The Covid-era was a difficult period for me, and although I ended up receiving a First in my third year, qualifying me to stay on for the integrated Master’s as I had originally planned, I ended up deciding that wasn’t the right choice for me at the time and graduated with my Bachelor’s to take some time out and focus on personal projects. I spent some time focusing on an edge computer vision start-up idea with some school friends of mine. Although the prototype we developed was promising, the project effectively ended up on pause due to people becoming too busy with school or work, however the experience I developed learning Tensorflow, TensorRT and how to work with the Jetson SDK, as well as problem solving in the realm of deep learning and computer vision was invaluable for future projects.
During that time, I was referred to AdeptID by a school friend of mine for a Data Scientist position. The interview process was very substantial, consisting of a take-home exercise, a presentation and discussion of my take-home to the DS team, individual technical interviews which each member of the DS team, and then behavioural interviews with other leads in the company. This resulted in the process dragging out over several months (also partly due to them seeking legal counsel on the process for hiring someone from the UK), and unfortunately resulted in me falling just outside the 1-year window from graduation to qualify for a J-1 visa once I finally received my offer. This was bitterly disappointing news, especially after such a long process, but I made sure to keep in contact in case the situation changed in the future.
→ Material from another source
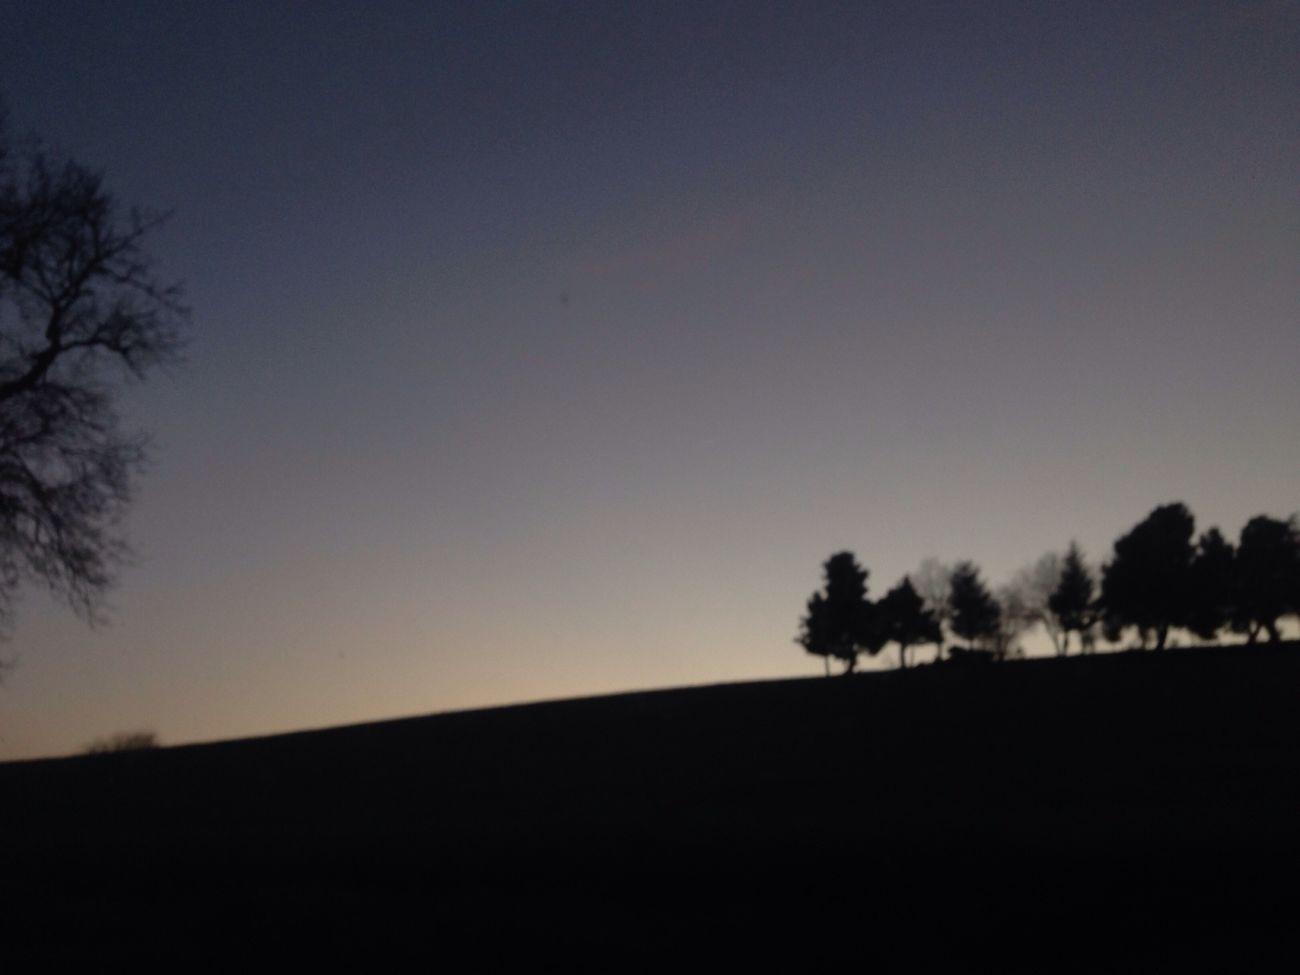 La natura è n'sogno Marcoperviaggiare Sky Seguireorizzonti AnacertaèNDOCAZZOSEMO?

Fast forward a year, and they reached back out to me with the news that they were now able to hire me to work remotely from the UK with the possibility of moving over to the US in the future, where I find myself today!
What would you tell your younger you regarding building your current career?
If I were able to give some advice to my younger self, I would emphasize the value of experimenting with projects or opportunities that jump out to you. Even if an opportunity doesn’t end up working out for you, or a project doesn’t end up quite how you wanted it to, the value is in the experience you had and the lessons you learned; if you’re continuing to expand your horizons, build bridges and grow, eventually you’ll end up where you need to be.
Final thoughts & tips
In conclusion, I would say the most valuable ability to hone as a budding Data Scientist is the ability to think critically and clearly; this skill is honed with every problem you tackle, and, with the speed the industry moves at, the ability to be adaptable to new technologies and frameworks becomes more valuable than sinking a ton of hours into becoming an expert in one specific tool. Exposing yourself to different projects and new areas of Computer Science, Data Science and Machine Learning will help build your general toolbox for problem solving, allowing you to quickly pick up new things. In this way, you’re teaching yourself how to think.
Resources to dig in more
Hugging Face NLP Course (Chapters 1-3)
Hugging Face’s Natural Language Processing course, giving an excellent introductory overview of transformer models.
How to build a ML Pipeline with DVC
A short YouTube tutorial from the DVC team on creating ML pipelines; excellent for reproducibility and automation.
PyTorch Image Classifier Tutorial
This is a tutorial for building an image classifier in PyTorch, which is a great introduction if you’re new to PyTorch or image classifiers (or both!).